Optional: Remove junk clusters/volumes
Some datasets will contain “junk” volumes that can interfere with clustering/PCA analysis. These volumes can be selected and removed with the utility cryodrgn_utils select_clusters
:
Left: Clustering results with default settings. Manual inspection of the cluster means revealed broken/junk volumes for clusters 3,5,6,7,8. Right: Repeating cryodrgn analyze_landscape after removing the 9 junk volumes from the analysis.
# e.g. keep the volumes from clusters 0, 1, 2, 4, 9
(cryodrgn) $ cryodrgn_utils select_clusters clustering_L2_average_10/state_labels.pkl --sel 0 1 2 4 9 -o vol_keep.pkl
# rerun cryodrgn analyze_landscape with --vol-ind
(cryodrgn) $ cryodrgn analyze_landscape [workdir] [epoch] --skip-vol --vol-ind vol_keep.pkl
Note: rerunning with —-vol-ind
will change the volume PCA results since volumes have now been removed from the analysis.
3. Masking (optional)
This tool applies a mask on all 1000 volumes before PCA/clustering analysis. The default mask is generated by thresholding all 1000 generated volumes at half of their max density values and then combining all masks (by their union). The masking settings may be adjusted with the --thresh
and --dilate
arguments if this automated mask generation leaves in undesired regions (e.g. extra background) or leaves out heterogeneous regions of the particle. To check the mask, see the mask.mrc
and mask_slices.png
file in the output directory.
A user-defined mask around the heterogeneous region of the complex
Alternatively, a custom mask can be provided with the flag --mask
. Note, the mask will be converted to a binary mask, where any nonzero voxel will be included in the analysis:
# rerun cryodrgn analyze_landscape with custom mask
(cryodrgn) $ cryodrgn analyze_lanscape [workdir] [epoch] --skip-vol --mask /path/to/your/mask/eg/job008.mrc
4. Visualizing conformational landscapes
Taking inspiration from previous work, we apply principal component analysis (PCA) on the set of cryoDRGN volumes to map reaction coordinates and visualize a conformational landscape that is more interpretable than the cryoDRGN latent variable representation.
Output
The output of cryodrgn analyze_landscape
will include a directory containing the top 5 principal components (.mrc trajectories showing interpolations along the “eigenvolumes”). These principal component trajectories can be interpreted as reaction coordinates for describing the full ensemble, which can provide a more interpretable visualization of the dataset than the latent variable representation.

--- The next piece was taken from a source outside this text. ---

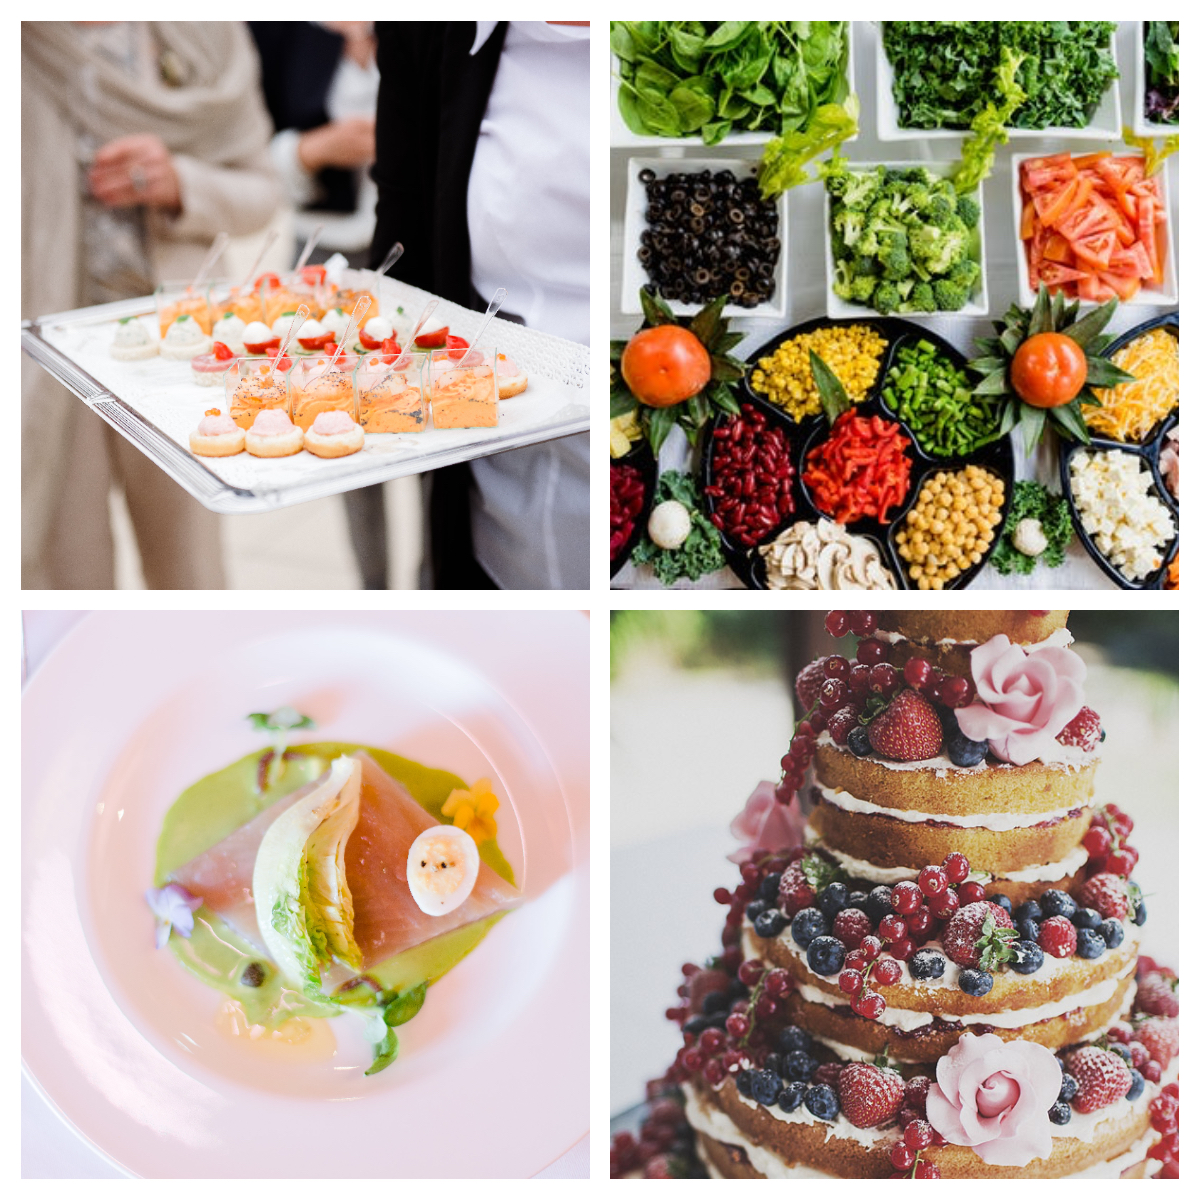 Food ideas for a spring wedding at Portes des Iris

Left: Visualization of the dataset in the cryoDRGN VAE latent space, colored points correspond to 1000 sampled volumes colored by their cluster label. Center/right: Visualization of 1000 sampled volumes in their PCA feature space. In this example, PC1, PC2, and PC3 correspond to biologically relevant motions and thus the overall organization of the ensemble is more easily interpretable.

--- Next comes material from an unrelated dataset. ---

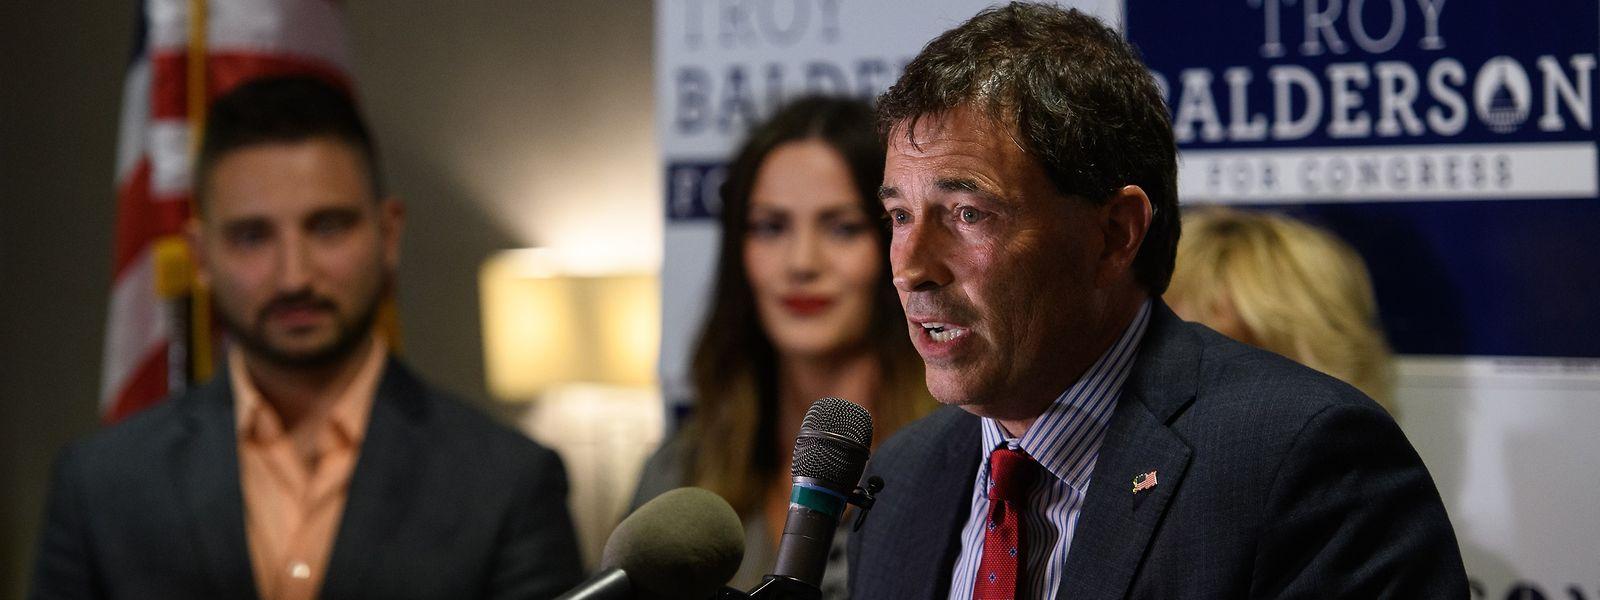 Euphorie sieht anders aus: Troy Balderson am Wahlabend.

5. Visualizing the full conformational landscape
The initial mapping of the volumes is performed on the set of 1000 sketched volumes. A second tool, cryodrgn analyze_landscape_full
, maps all particles to the volume PCA space to visualize a conformational landscape for the full dataset. This tool will take longer to run (~4 hours on 1 GPU for volume generation, 1 min for mapping).

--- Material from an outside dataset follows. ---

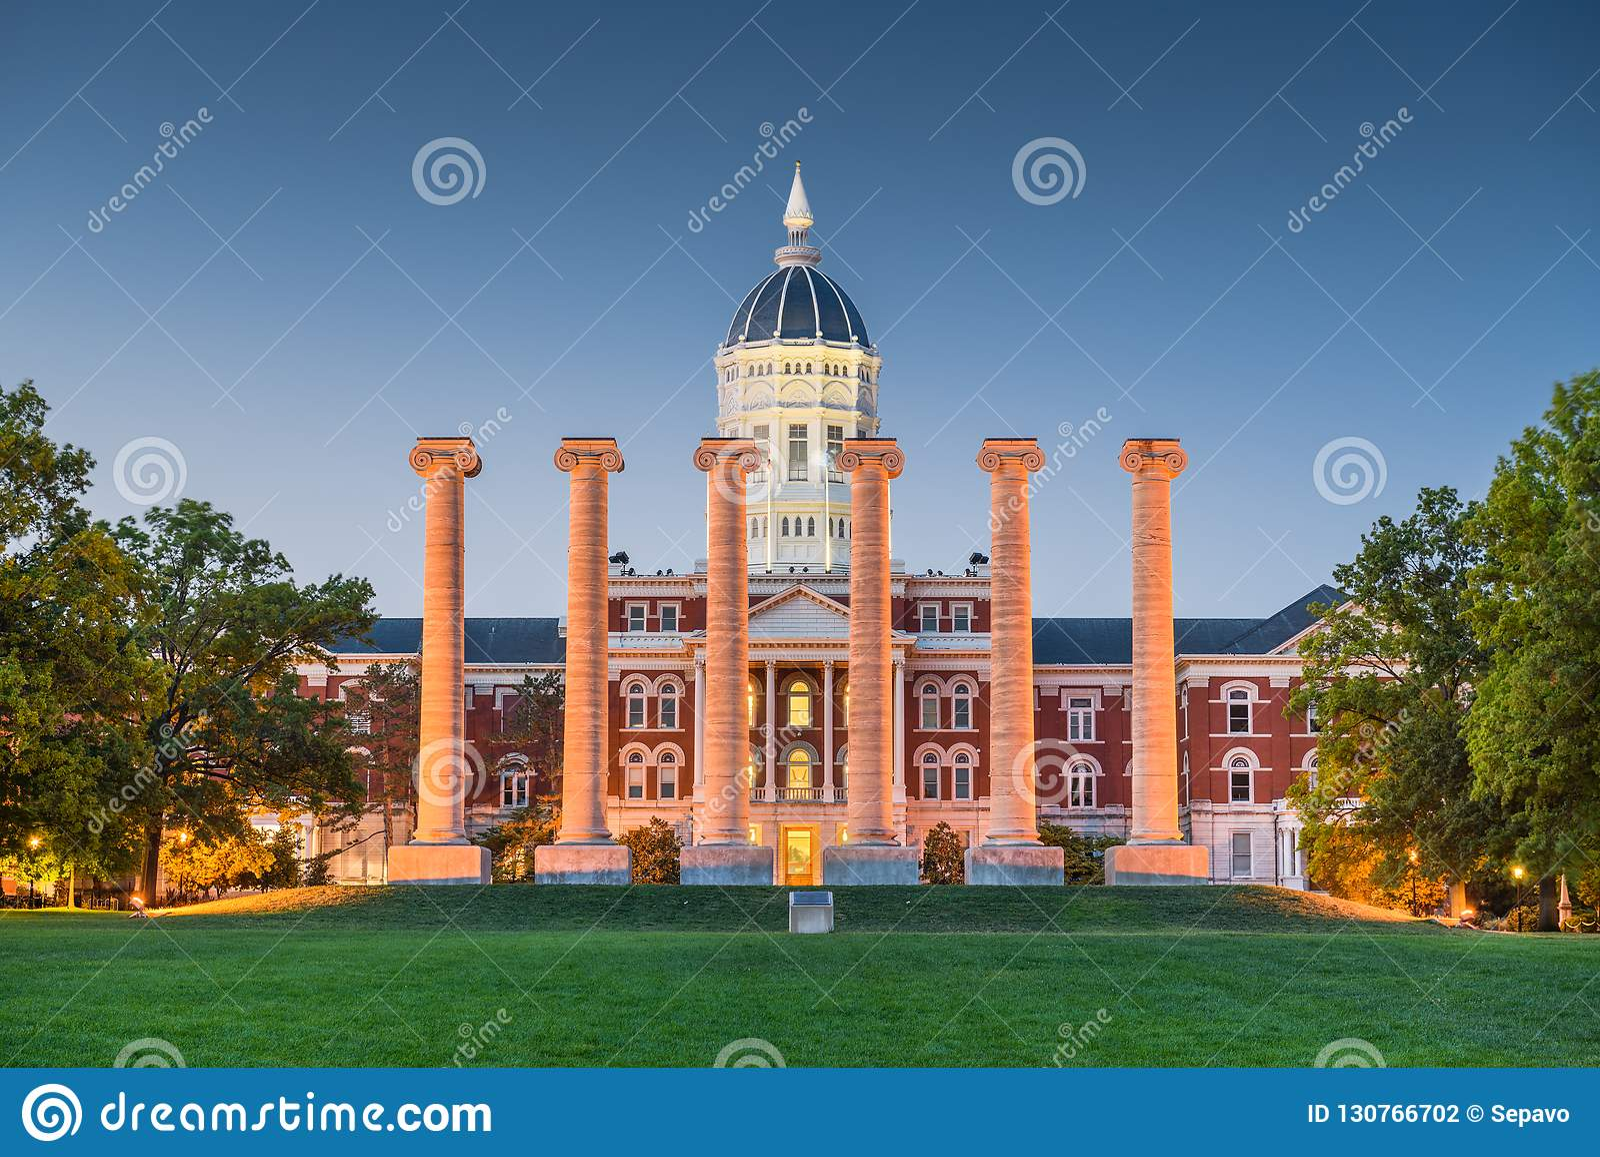 De historische campus van Colombia, Missouri, de V.S.

(cryodrgn) $ cryodrgn analyze_landscape_full [workdir] [epoch] > landscape_full.log
Left: Visualization of the 1000 volumes in the volume PCA feature space where each volume is a point. Center: Mapping the entire dataset of ~10^5 volumes to the PCA feature space (grey points). Right: Visualizing the conformational landscape as a heatmap on a logscale (i.e. a free energy landscape)
This command produces a jupyter notebook, cryoDRGN_landscape_viz.ipynb
, for plotting the inferred conformational landscape.